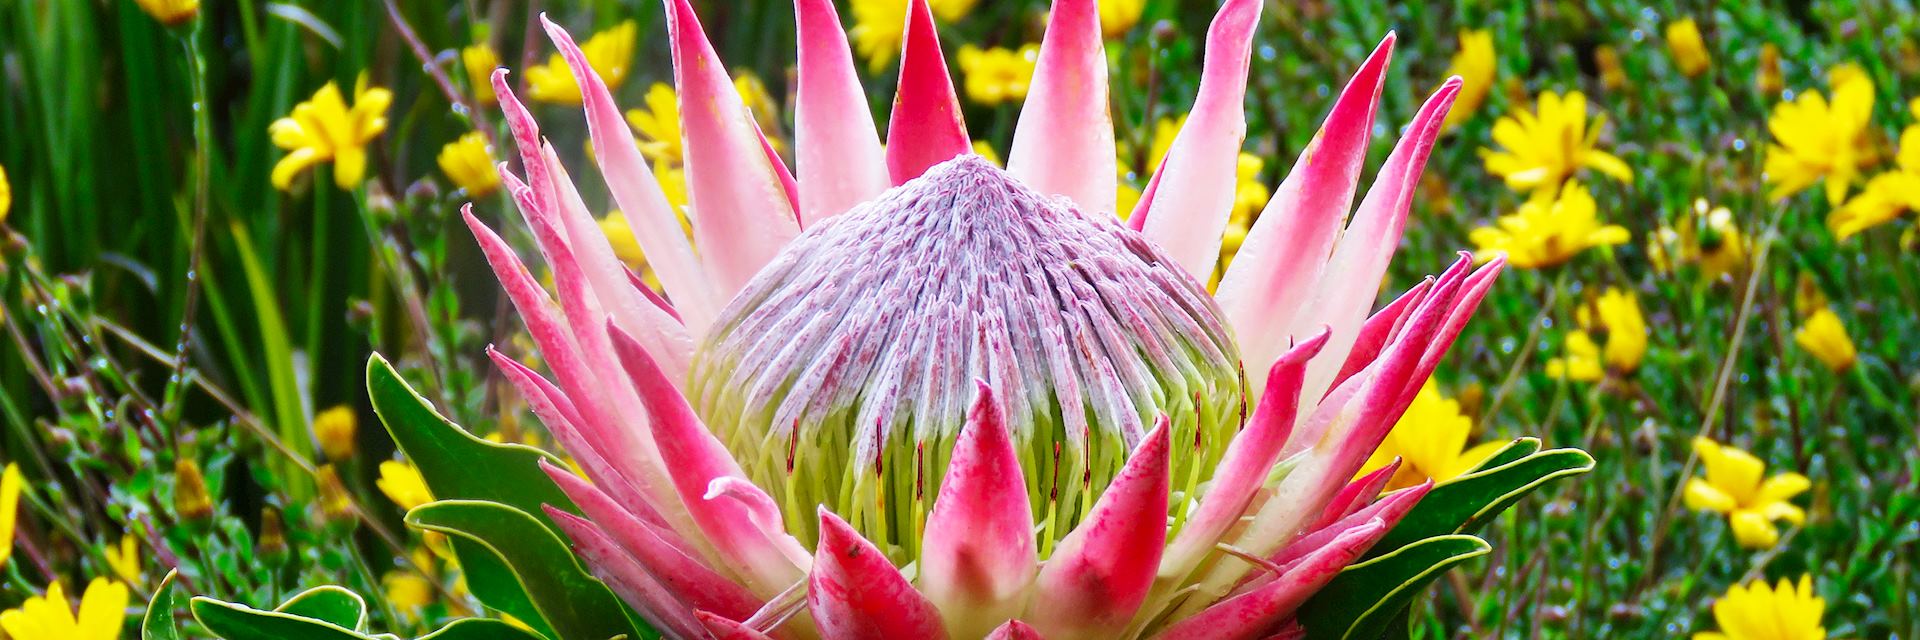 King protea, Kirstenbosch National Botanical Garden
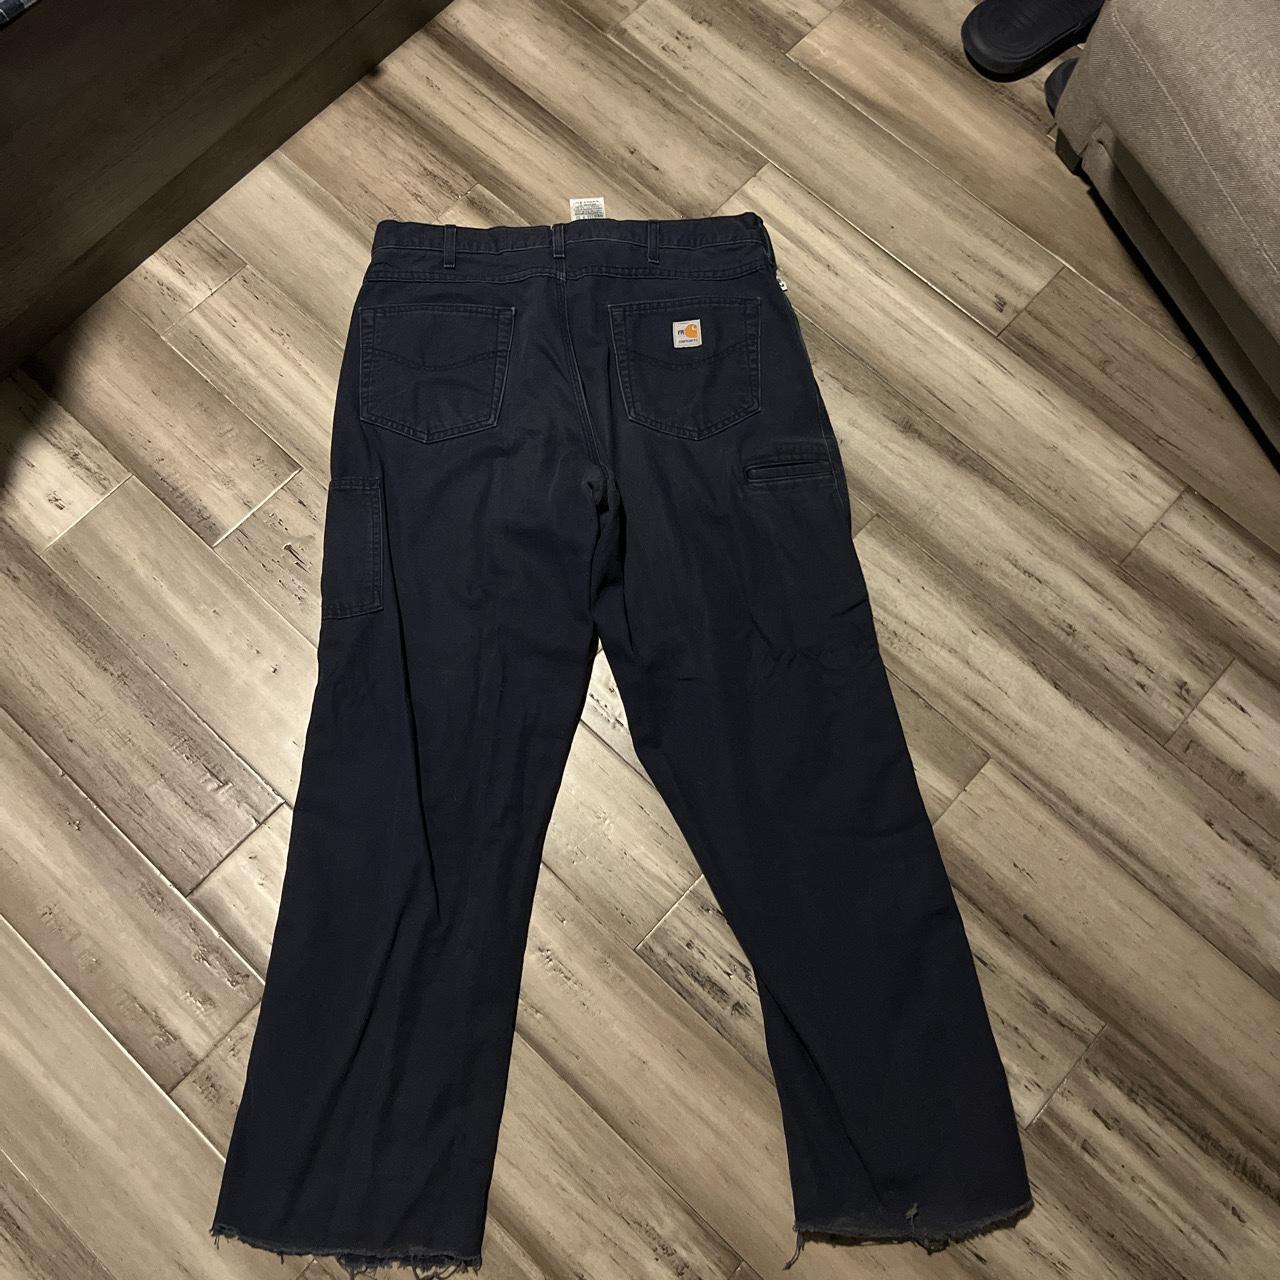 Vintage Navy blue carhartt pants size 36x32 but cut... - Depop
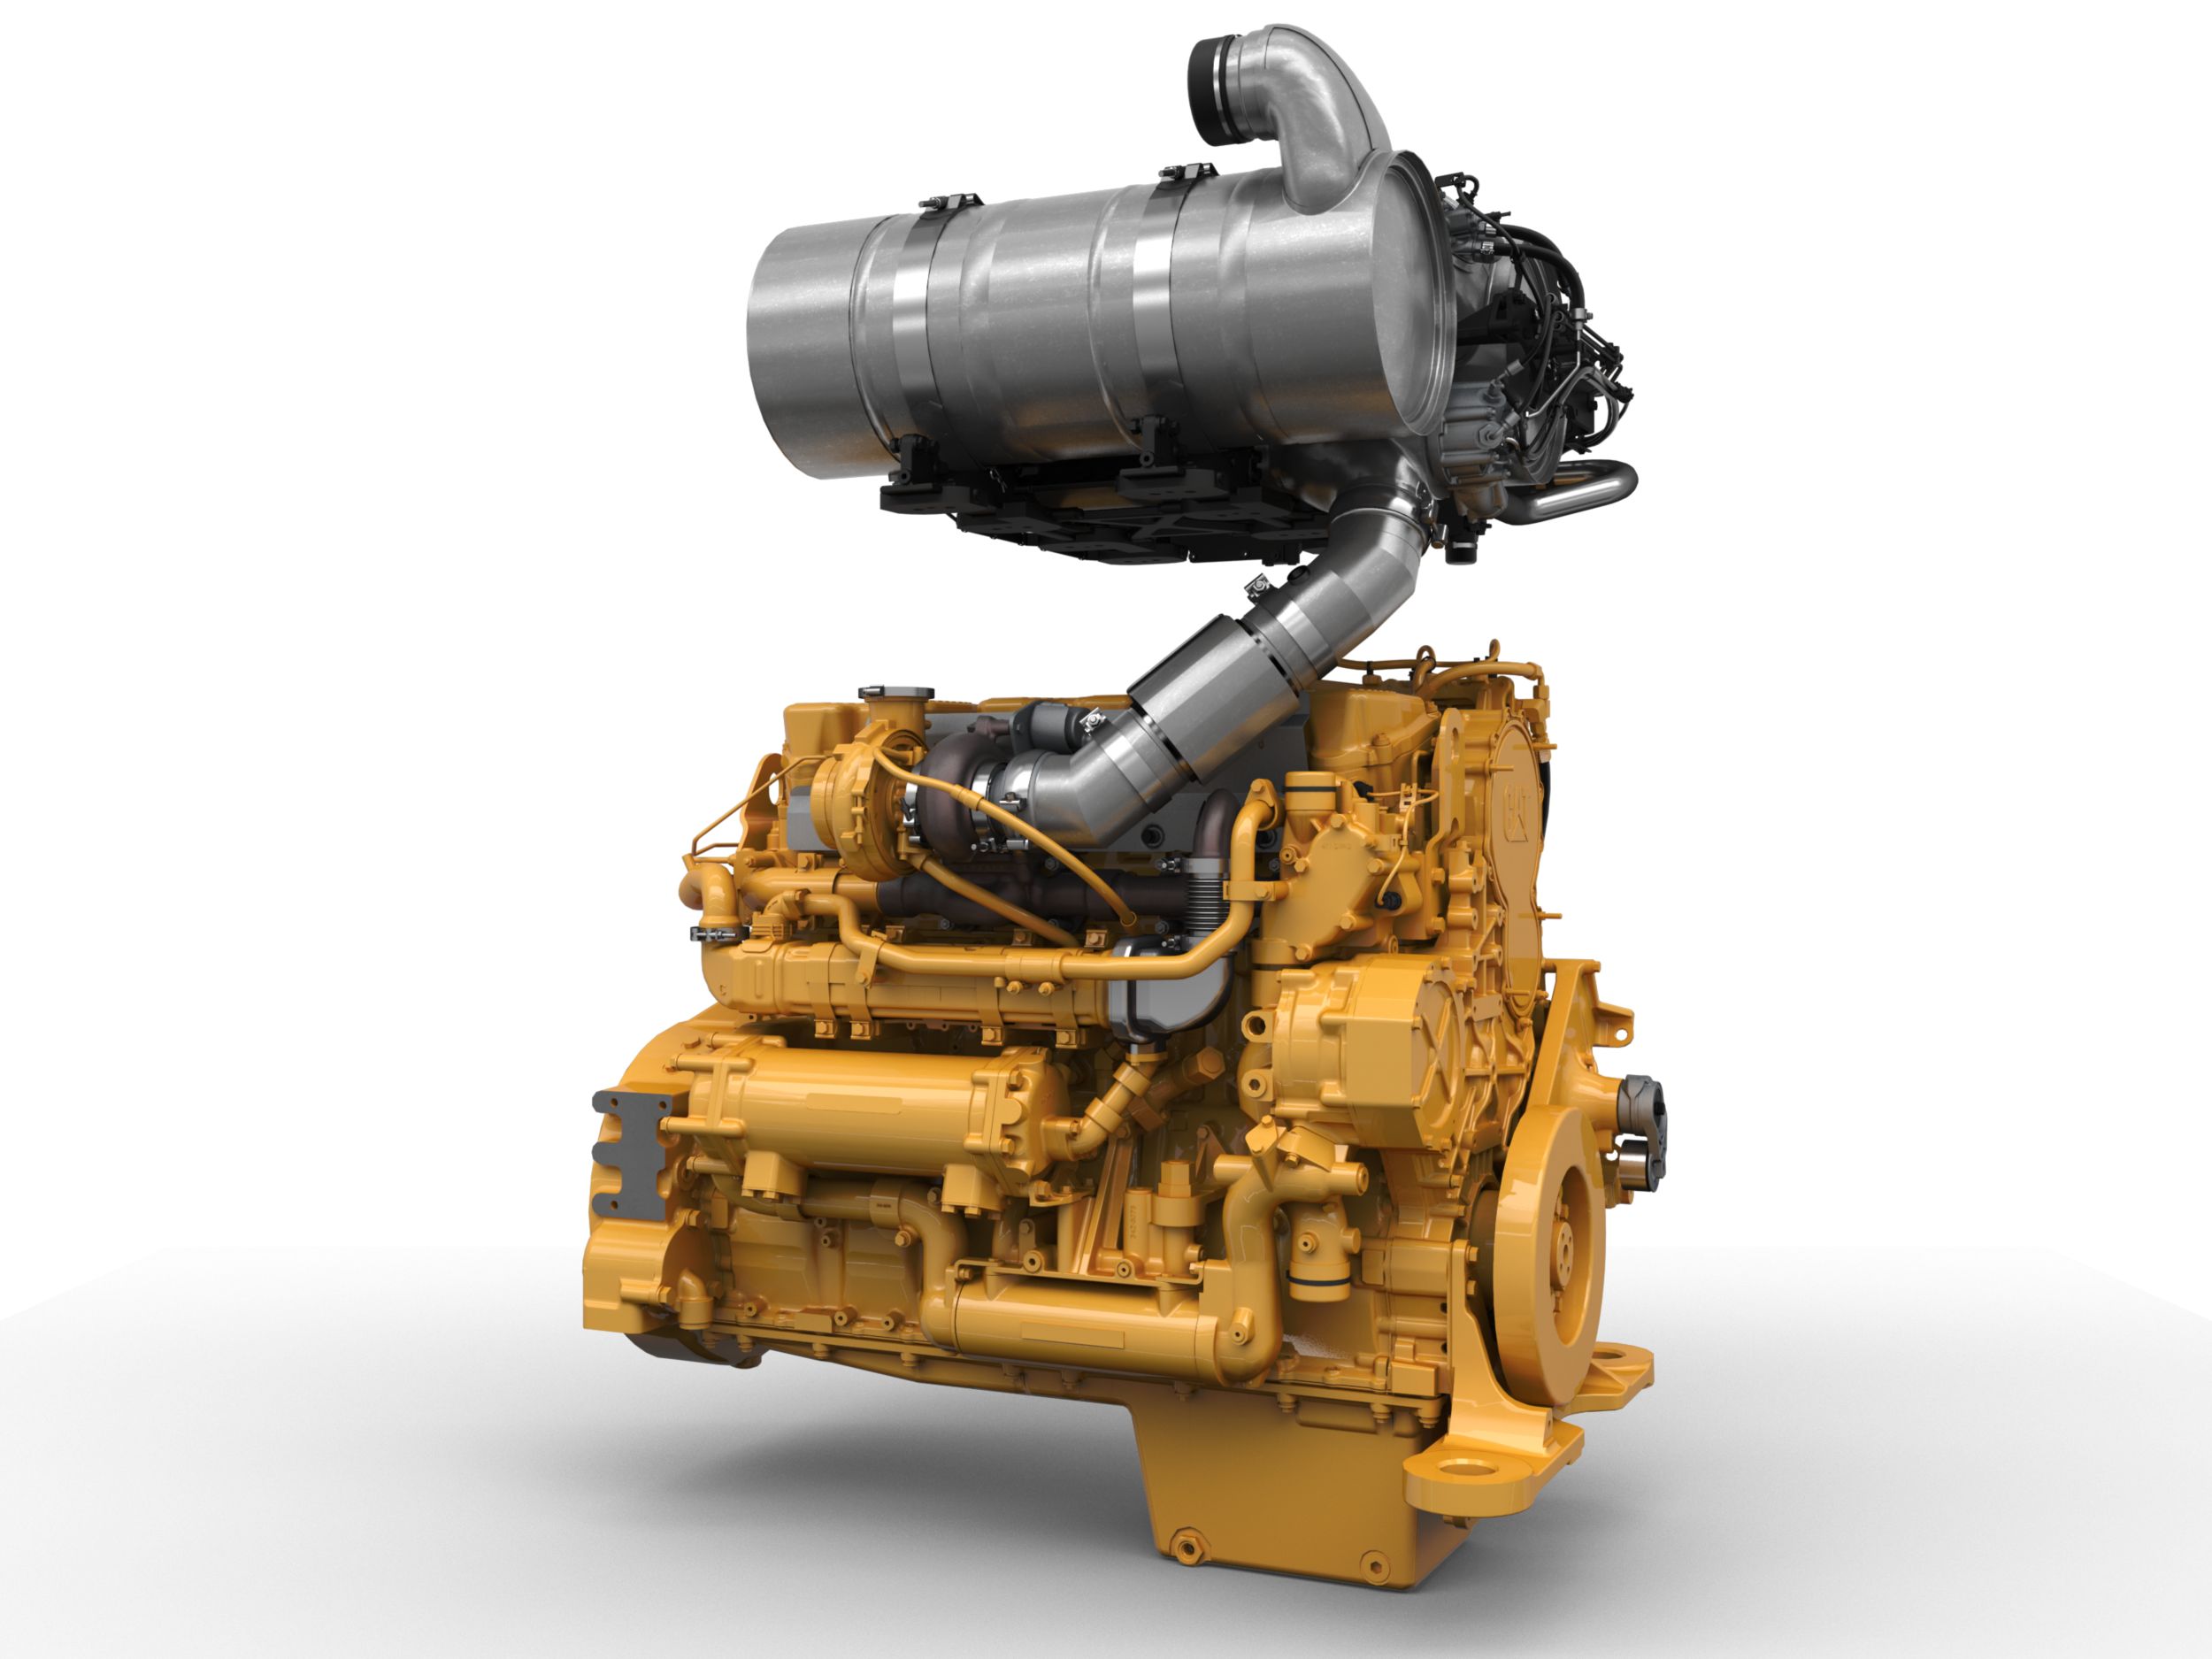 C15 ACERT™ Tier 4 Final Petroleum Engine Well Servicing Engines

§ **YOUR ASSIGNMENT**: Could you give again precisely the lines from the one containing "Vintage Navy blue" through the final line of the material above, both included, and no others, dropping the pictures?

§ **RESPONSE TO THIS TASK**:
 Vintage Navy blue carhartt pants size 36x32 but cut... - Depop
 C15 ACERT™ Tier 4 Final Petroleum Engine Well Servicing Engines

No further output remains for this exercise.